# Puff Monthly Tobacco Review: GLP JackKnife Plug



## Nick S. (Jul 10, 2011)

Well June is here and that means it is finally time to pop open those cans of JKP, when you are ready post your reviews, thoughts, and comments here in this thread.


----------



## kbiv (Jul 30, 2010)

Should be coming today, and hopefully in the bowl tonight...


----------



## kbiv (Jul 30, 2010)

Should be coming today, and hopefully in the bowl tonight...


----------



## gahdzila (Apr 29, 2010)

Wow! Today is the 12th and no reviews yet? :ask: I guess I'll start!

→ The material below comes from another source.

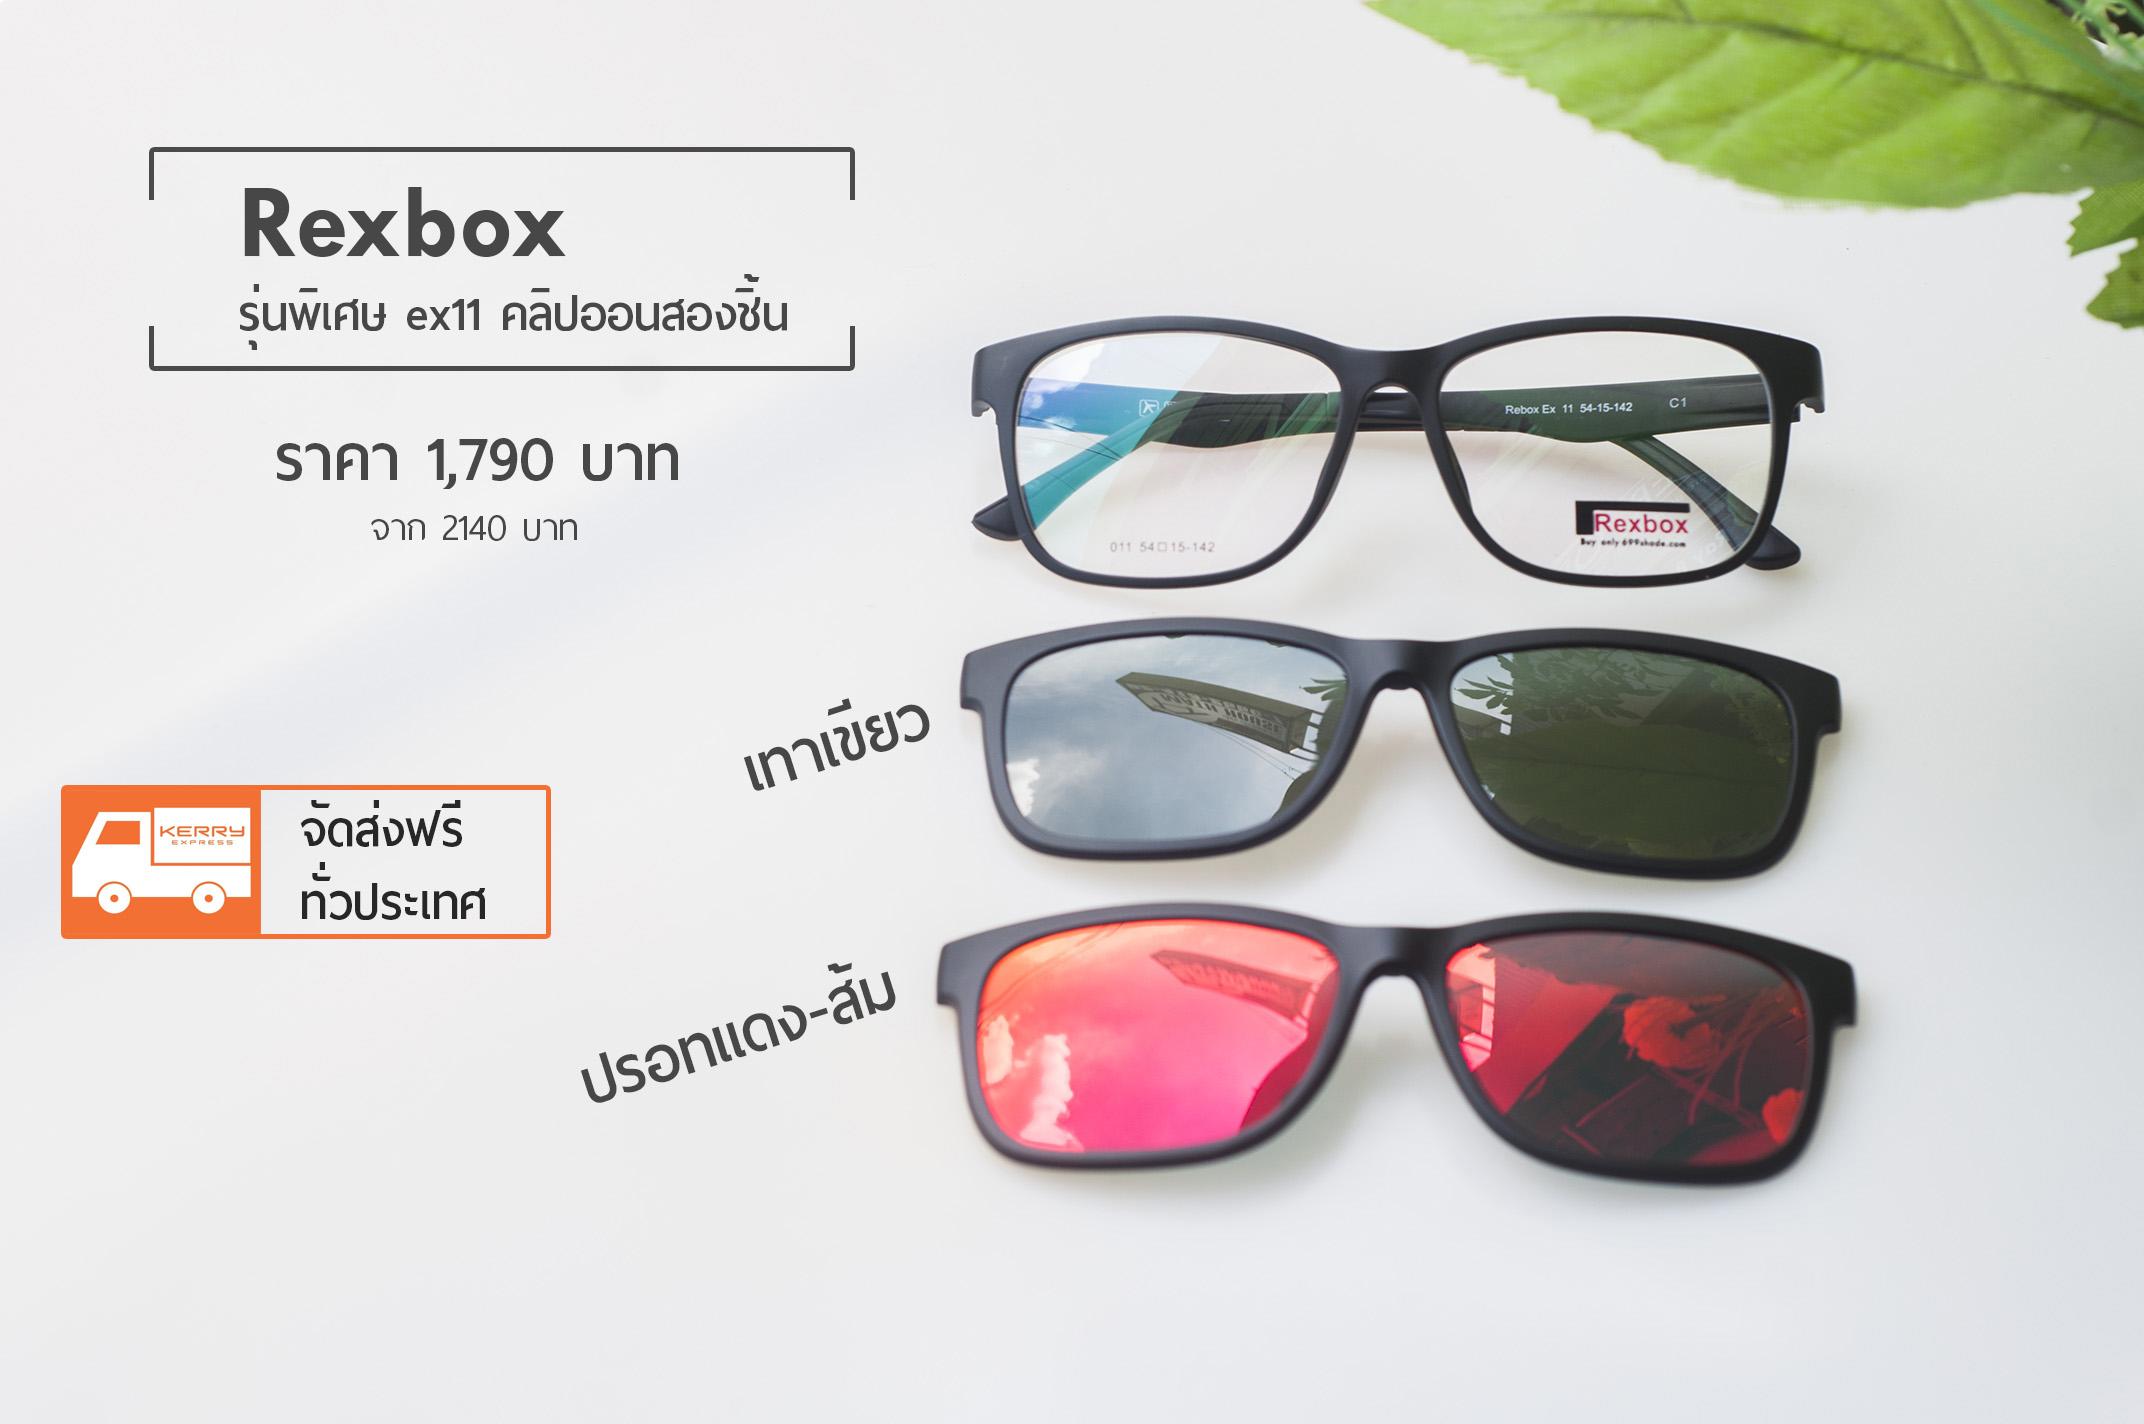 Rexbox ex11 พร้อมคลิปออน 2 ชิ้น คุ้มค่า คุ้มราคา

Machurtado kindly sent me about 3/4 ounce of Jackknife Ready Rubbed. Thus, I can't really speak to the moisture content in the tin. My sample arrived a little on the dry side - not bad, not quite crunchy, but definitely ready to smoke. My guess is that it lost some moisture on the way to me. It's medium chocolate brown in color, with a few lighter and darker flecks. The cut is broken and fully rubbed flake...as memory serves, similar to HOTW, though perhaps larger diameter and shorter length. The smell in the bag is faint - neutral tobacco, hint of sweetness, hint of sharpness.

The flavor profile actually reminds me of a rich spicy cigar. Spicy, not peppery...I consider these to be two separate sensations, though they often occur together. No pepper, just spicy, and rich tobacco flavor. If I really slow down and REALLY pay attention, I pick up a tiny hint of sweet chocolate, which is a very nice surprise. But the main flavor player for me is rich tobacco. That sounds boring, but I assure you it is not! 

I found Jackknife extremely well behaved in the pipe. It will go out and require a relight if I set the pipe down for a few minutes, but as long as I'm maintaining a normal smoking cadence, it never goes out. I think if I were careful, I could smoke a whole bowl on a single paper match! Smokes cool with never a hint of bite.

Jackknife isn't the strongest blend I've ever smoked, but it is definitely strong. I rank it right up there with Royal Yacht nicotine-wise, possibly even a bit stronger.

Though I usually prefer a cob, I found that Jackknife smokes better in a briar - it seems a little smoother and more refined. Which brings me to my only quibble with it - the flavor profile seems a little busy, a little ragged, rough around the edges. Not bad, but I would prefer it to be a bit smoother. I have no doubt that this will completely go away with proper aging.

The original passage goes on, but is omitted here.